The sailors looked at him.

'Human beings specialize too much,' Pan said. 'It seems there are jail builders and cage builders. At least, no respectable zoo would think of putting a chimpanzee in a cage like this.'

He reached out and bent one of the bars up out of its floor socket. Then he bent another one. 'I should hate to see what a gorilla would do to a place like this,' he said. 'What do they take me for, a marmoset?' He bent another bar.

When he had a big enough hole to crawl through, he tied two of the bars into a knot. 'The Mark of Zorro,' he said. 'I read it in a comic book.'

'Not over Doc Bedoian's shoulder?' Happy said.

Pan was outside his cell by then. 'Hardly,' he said. He laughed; at least it sounded as though he did. 'Silly,' he said. 'I have retrogressed or devoluted or whatever it is.' He reached out and plucked the lock off Happy's cell door. 'I should have done this in the first place. But I like exercise, it makes me feel good,'.

He plucked Ape's lock away, too, and loped towards the single, barred window, putting most of his weight on his knuckles.

As he pulled each bar out of the window he passed it to Ape. 'No use making any more fuss than we have to,' he said. 'There. Give me your hand, Happy.' Clinging to the outside frame of the window with one hand, he reached down and pulled Happy up, let him climb out by himself. Then he pulled Ape up, jumped out himself, and gave the whole window cell to the chief.

Ape landed on the ground with a grunt. They were towards the back of the fake tank farm, near the woven- wire fence. Pan looked the fence over and grunted in imitation of Ape. 'No problem there.'

'Watch it,' Happy said. 'It might be electric.' He looked around, then pointed at a live oak. 'This place is so G.I. neat, well have to chaw a limb off that No sticks or anything around.'

'No sweat,' Pan said. He clambered up the tree, snapped a substantial branch off, climbed down with it in one hand. 'Here, old boy.'

Cautiously Happy leaned the limb against the woven wire. When there were no sparks, he said, 'Go ahead.'

Pan reached out and pulled the fence down to the ground and they walked out over it.

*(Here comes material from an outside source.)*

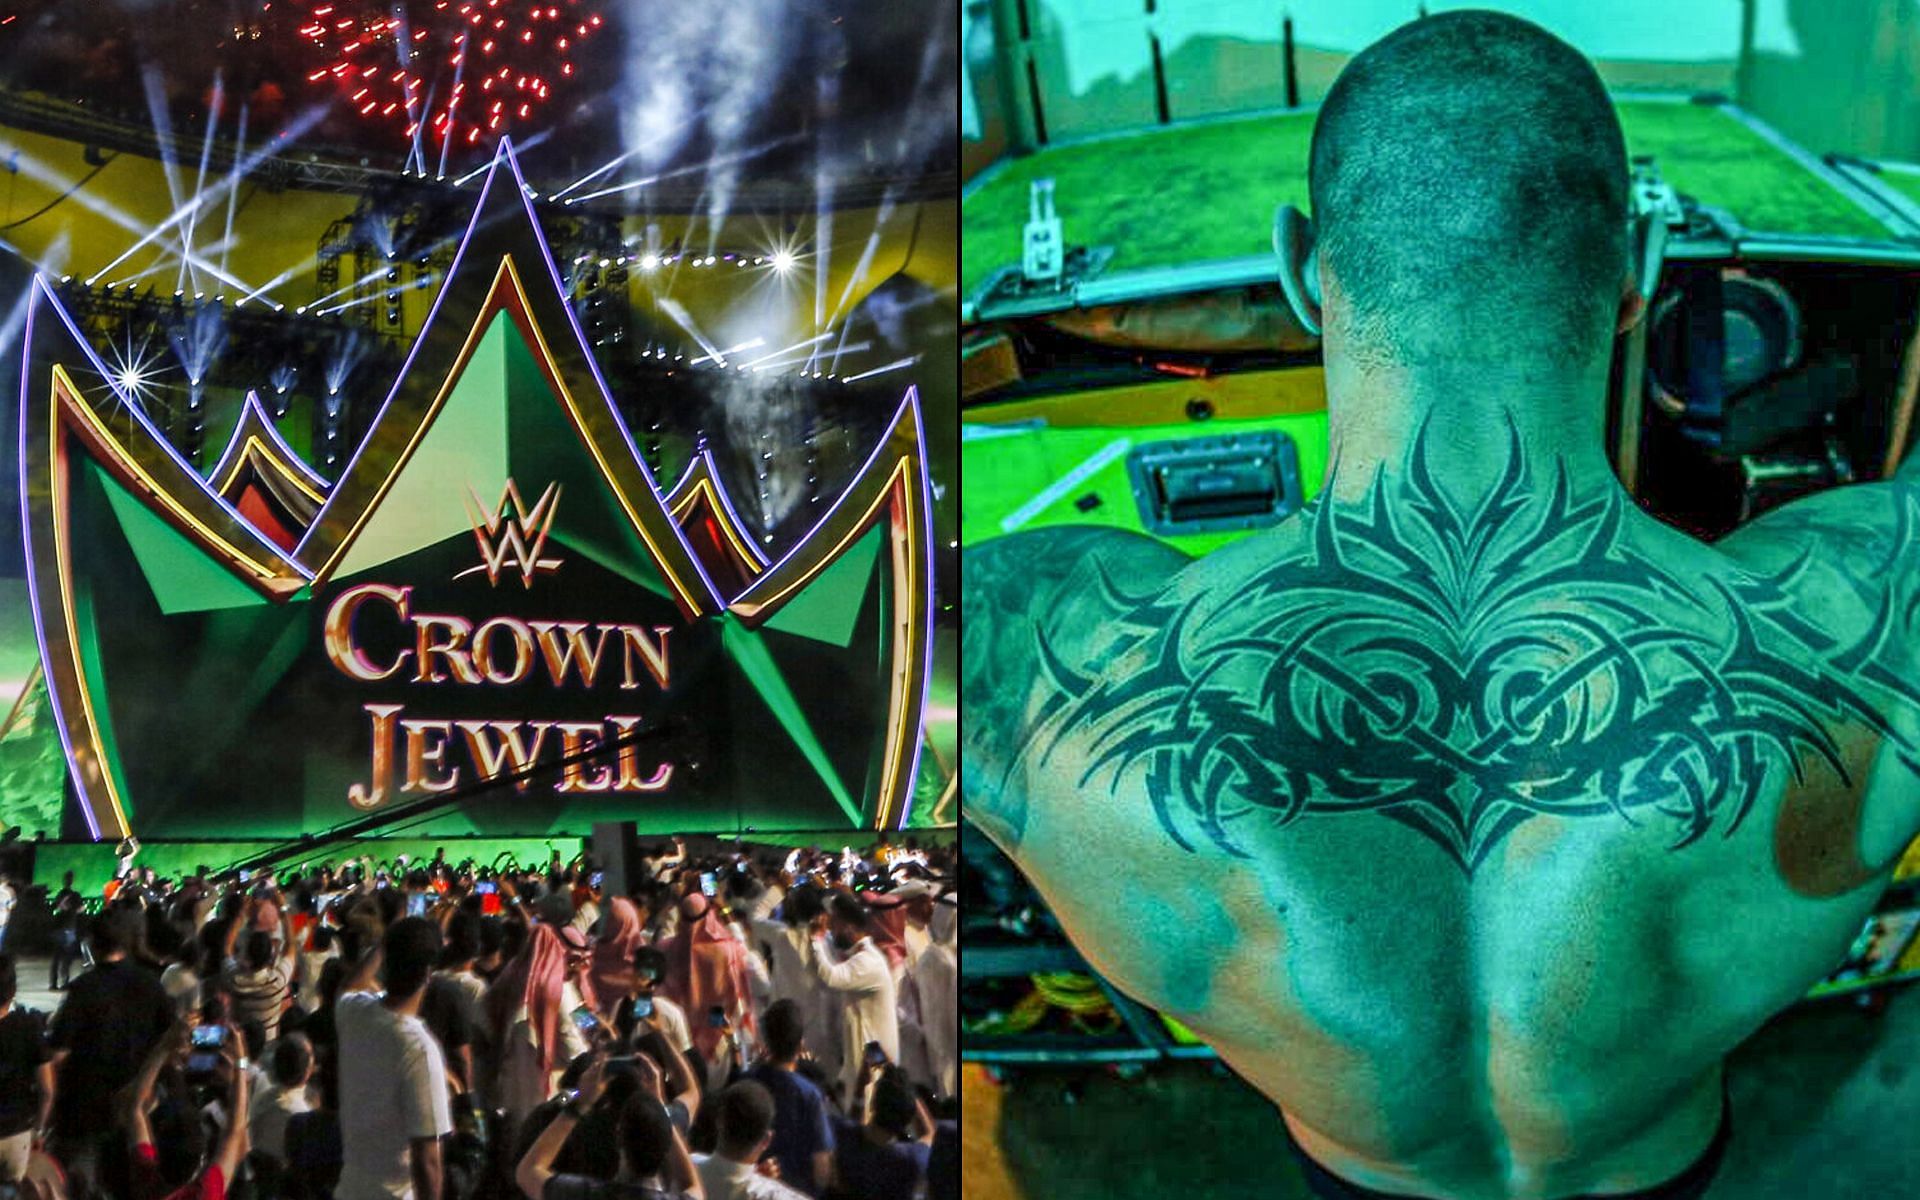 Crown Jewel 2023 is the next Premium Live event of WWE

The two sailors stumbled as they went, their black shoes wabbling on their feet. Pan Satyrus led them into the first clump of hammock, the hardwood groves that dot the flat piney woods of Florida. Then he went swinging up into the trees, and, after a while, he came back with a handful of thin vine stems.

Happy and Ape started plaiting shoelaces for themselves. Their experienced hands were very fast at it.